**Reading: User-Defined Schema (UDS) for DSL and SQL**

How to Define and Enforce a User-Defined Schema in PySpark?

In this reading, you will learn how to define and enforce a user-defined schema in PySpark.

Spark provides a structured data processing framework that can define and enforce schemas for various data sources, including CSV files. Let's look at the steps to define and use a user-defined schema for a CSV file in PySpark:

Step 1:

Import the required libraries.

In [None]:
from pyspark.sql.types import StructType, IntegerType, FloatType, StringType, StructField

**Step 2:**

Define the schema.

Understanding the data before defining a schema is an important step.

Let's take a look at the step-by-step approach to understanding the data and defining an appropriate schema for a given input file:

Explore the data: Understand the different data types present in each column.

Column data types: Determine the appropriate data types for each column based on your observed values.
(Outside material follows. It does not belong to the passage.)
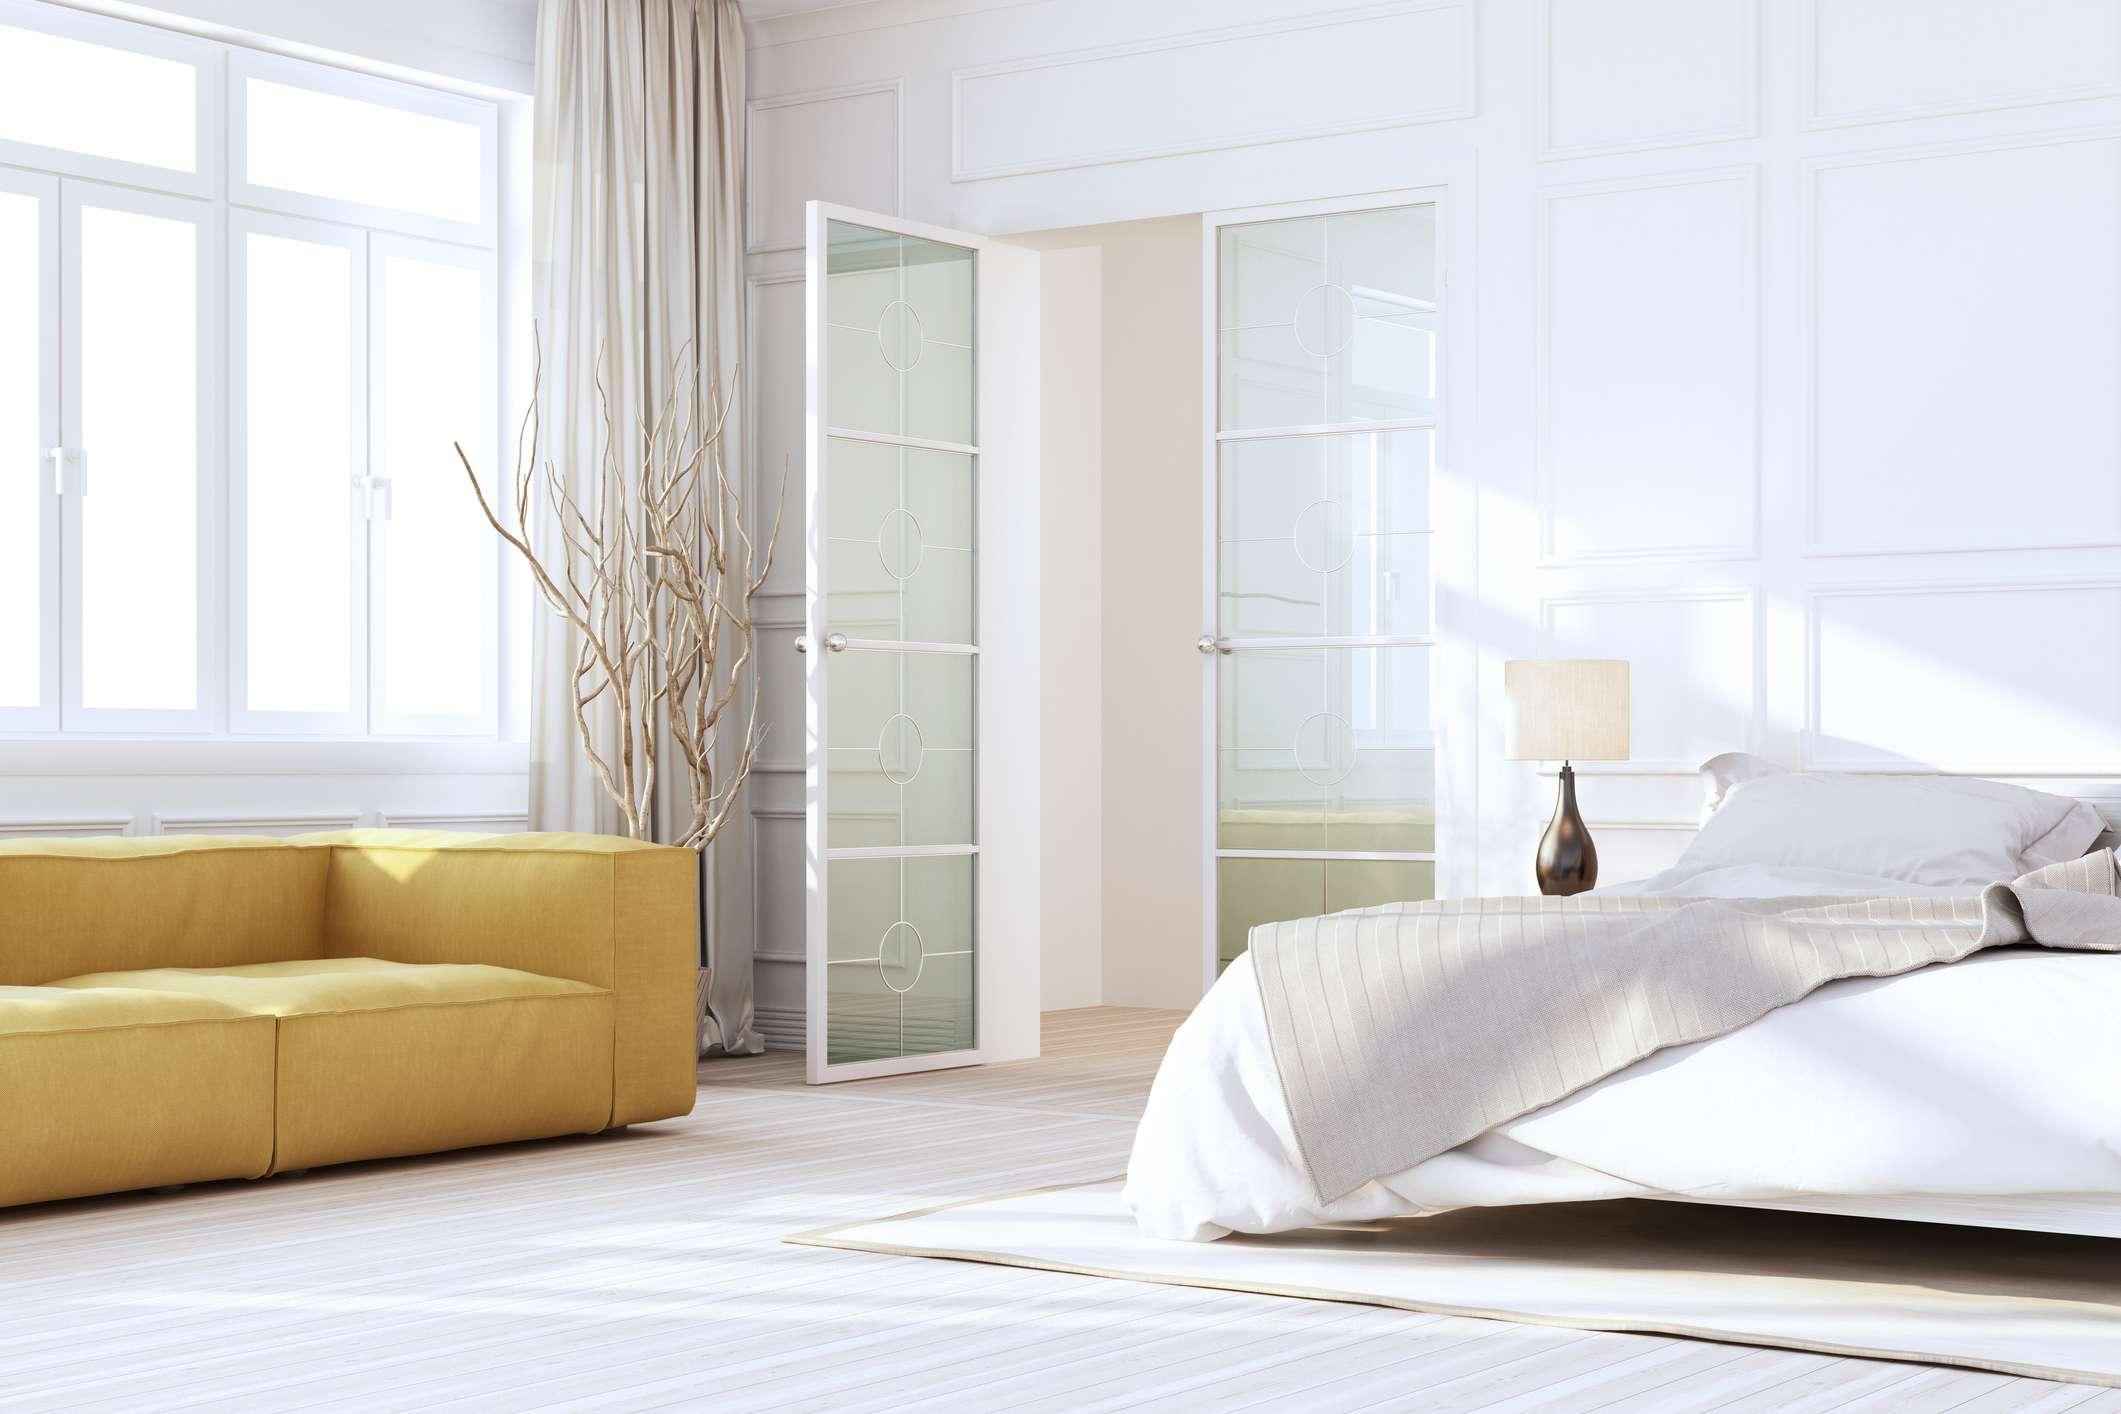 White Luxury Bedroom Interior with yellow sofa and glass doors

Define the schema: Use the 'StructType' class in Spark and create a 'StructField' for each column, mentioning the column name, data type, and other properties.

Example:

In [None]:
schema = StructType([
    StructField("Emp_Id", StringType(), False),
    StructField("Emp_Name", StringType(), False),
    StructField("Department", StringType(), False),
    StructField("Salary", IntegerType(), False),
    StructField("Phone", IntegerType(), True),
])

'False' indicates null values are NOT allowed for the column.

The schema defined above can be utilized for the below CSV file data:

Filename: employee.csv

In [None]:
emp_id,emp_name,dept,salary,phone
A101,jhon,computer science,1000,+1 (701) 846 958
A102,Peter,Electronics,2000,
A103,Micheal,IT,2500,

**Step 3: Read the input file with user-defined schema.**

In [None]:
#create a dataframe on top a csv file
df = (spark.read
  .format("csv")
  .schema(schema)
  .option("header", "true")
  .load("employee.csv")
)
# display the dataframe content
df.show()

**Step 4: Use the printSchema() method in Spark to display the schema of a DataFrame and ensure that the schema is applied correctly to the data.**

In [None]:
df.printSchema()